Nobody will be gladder than I if not only future ground rents are prohibited from being created but existing ones abolished. At the same time I have considerable difficulties about the amendment the Minister has put down. I propose to analyse this in such a way as to put a major question mark against it. I would also urge our friends in ACRA—and I believe I am right in saying that ACRA have friends in all parties in this House—not to count their chickens before they are hatched, not to pat too many people on the back before they see the Bill the Government will introduce.

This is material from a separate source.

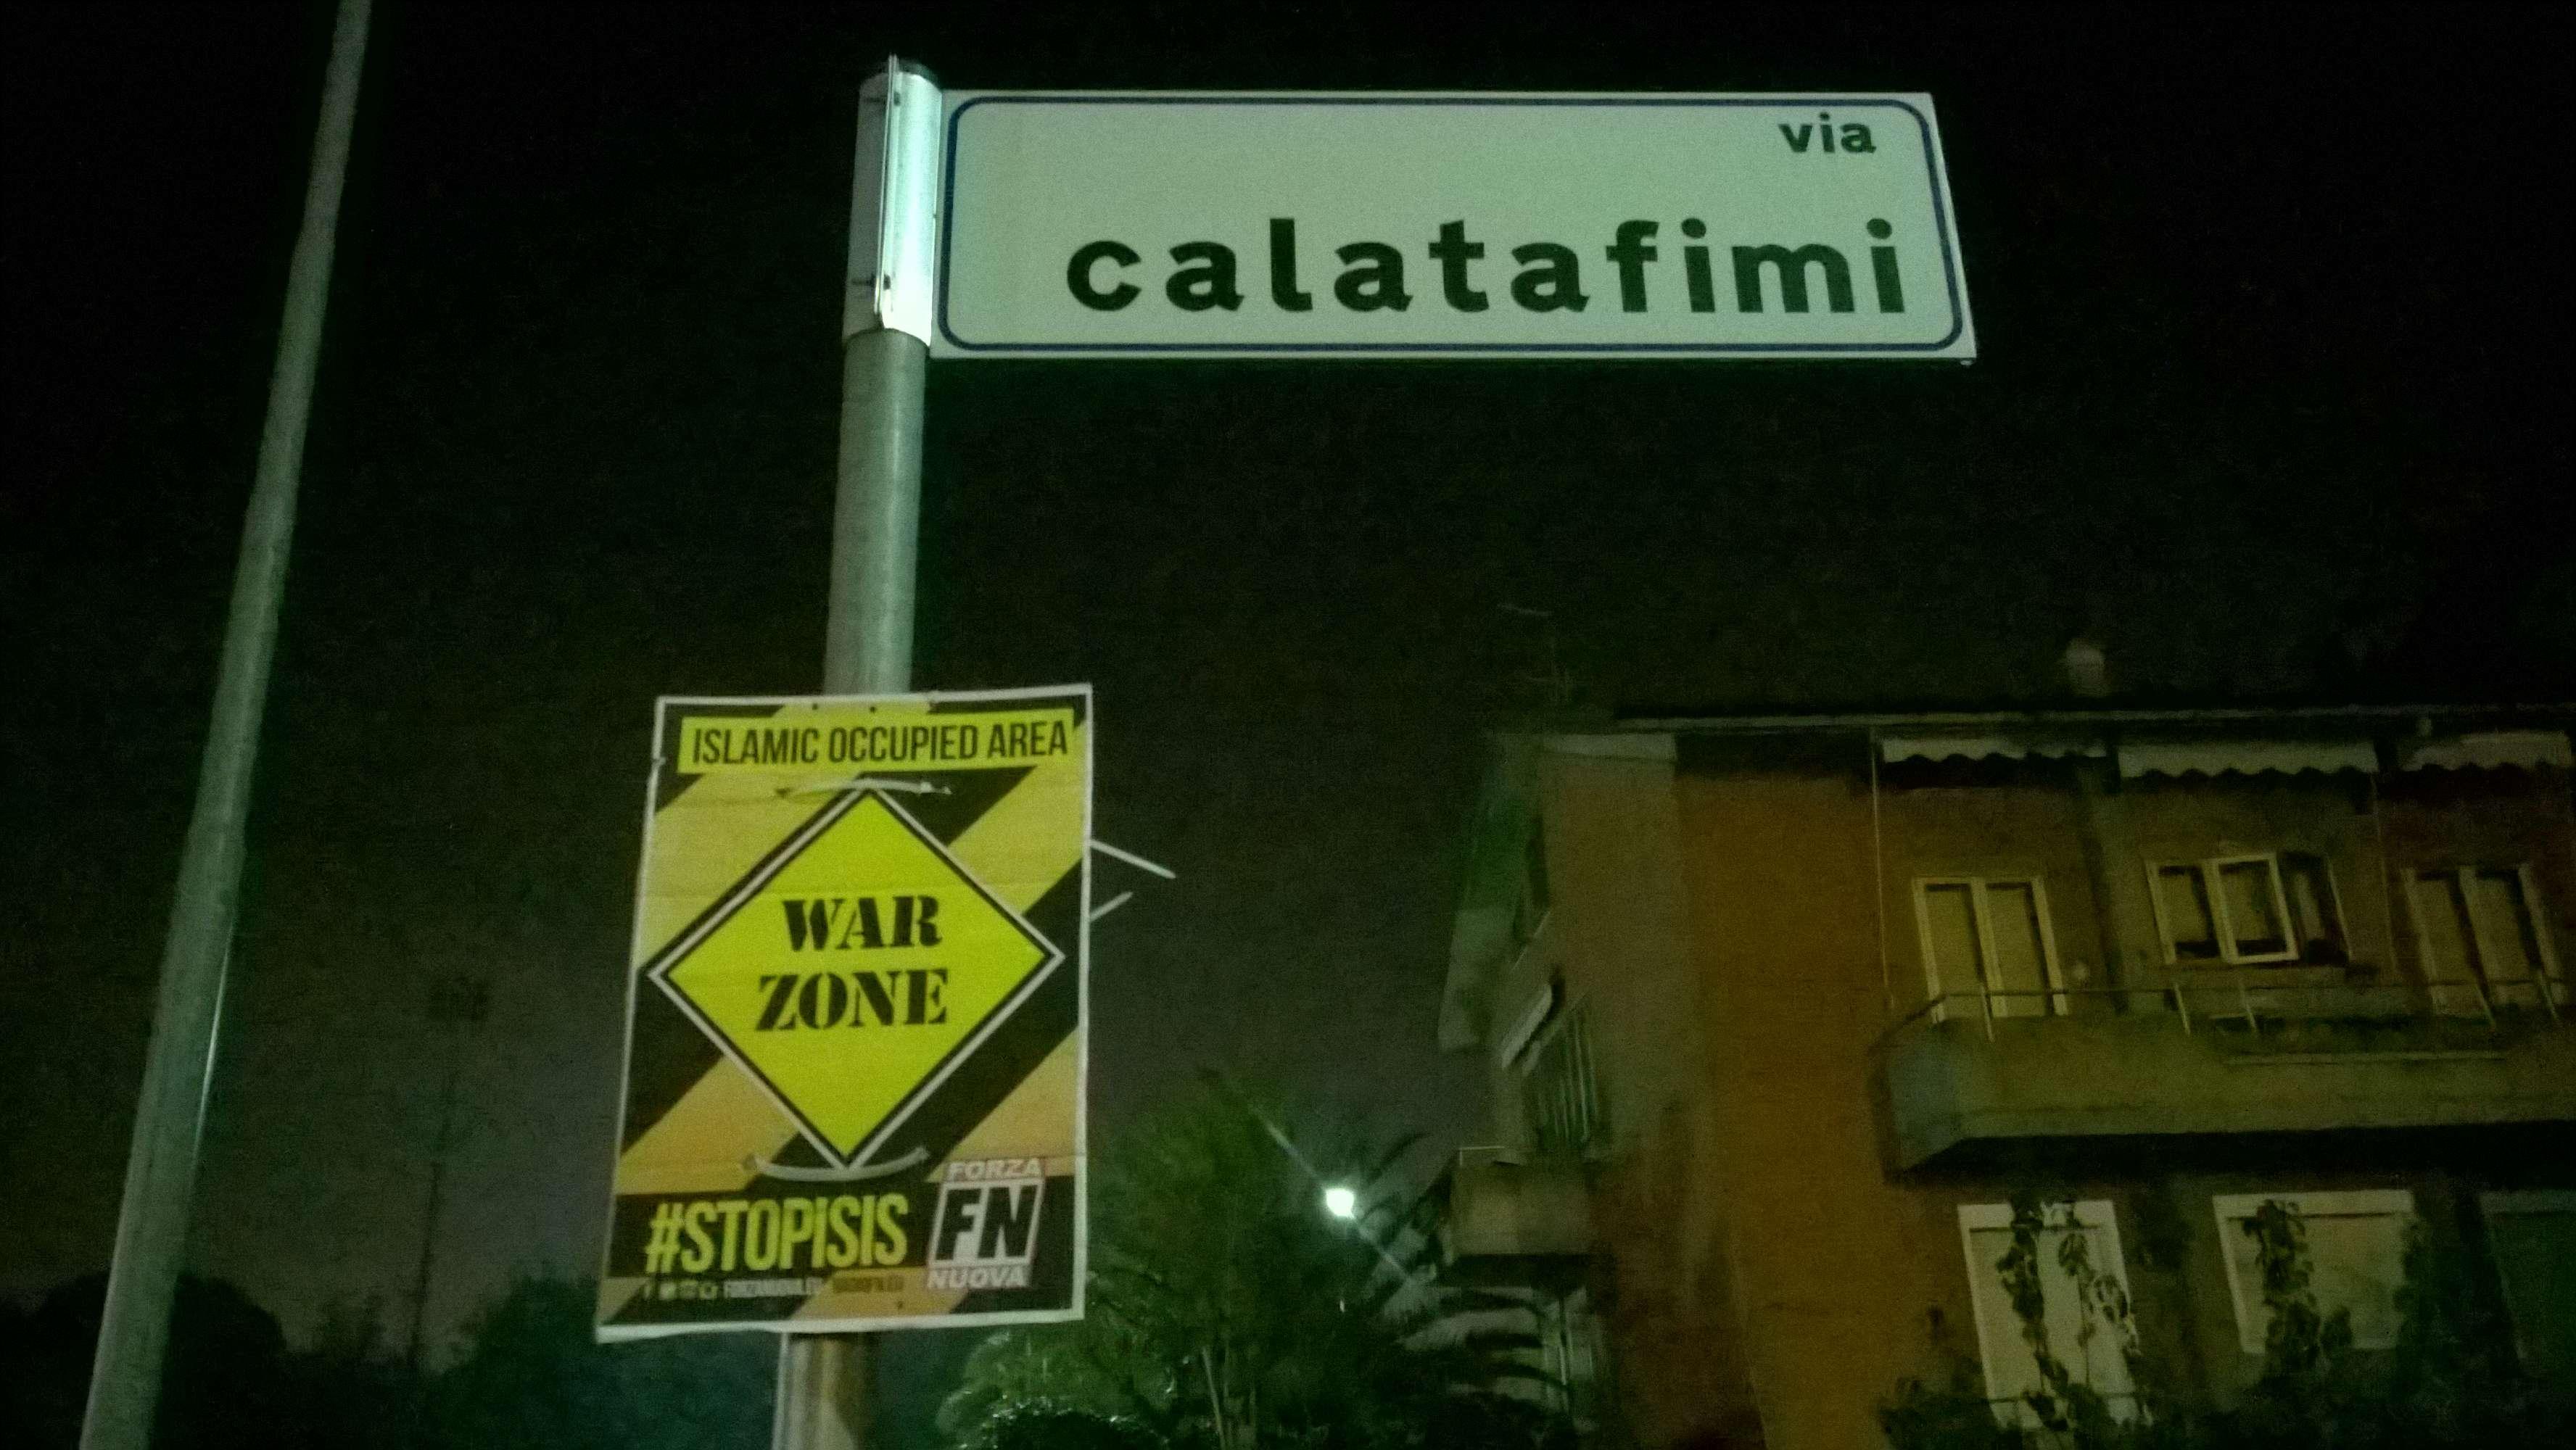 Via Calatafimi Pesaro

I find the amendment in the name of the Minister to be deficient on at least two counts. It is semi-literate for one thing and devious for another. If it is not semi-literate it is at least not entirely literate. If time allowed us I should be very grateful if somebody like Deputy Power could apply his scholarly mind to the syntax of the words of the amendment. The motion, if it were amended, would read:
That Dáil Éireann expresses its confidence in the Minister for Justice to introduce at an early date a scheme leading to the abolition of existing residential ground rents.
That, to me, does not make sense. It is quite in order for the Dáil to express its confidence in the Minister for Justice and to welcome his decision to introduce at an early date such a scheme, or something like that. But the amendment, as it is phrased at present, has a large gap in the syntax in the middle of it, in fact such a large gap as to render it very nearly meaningless.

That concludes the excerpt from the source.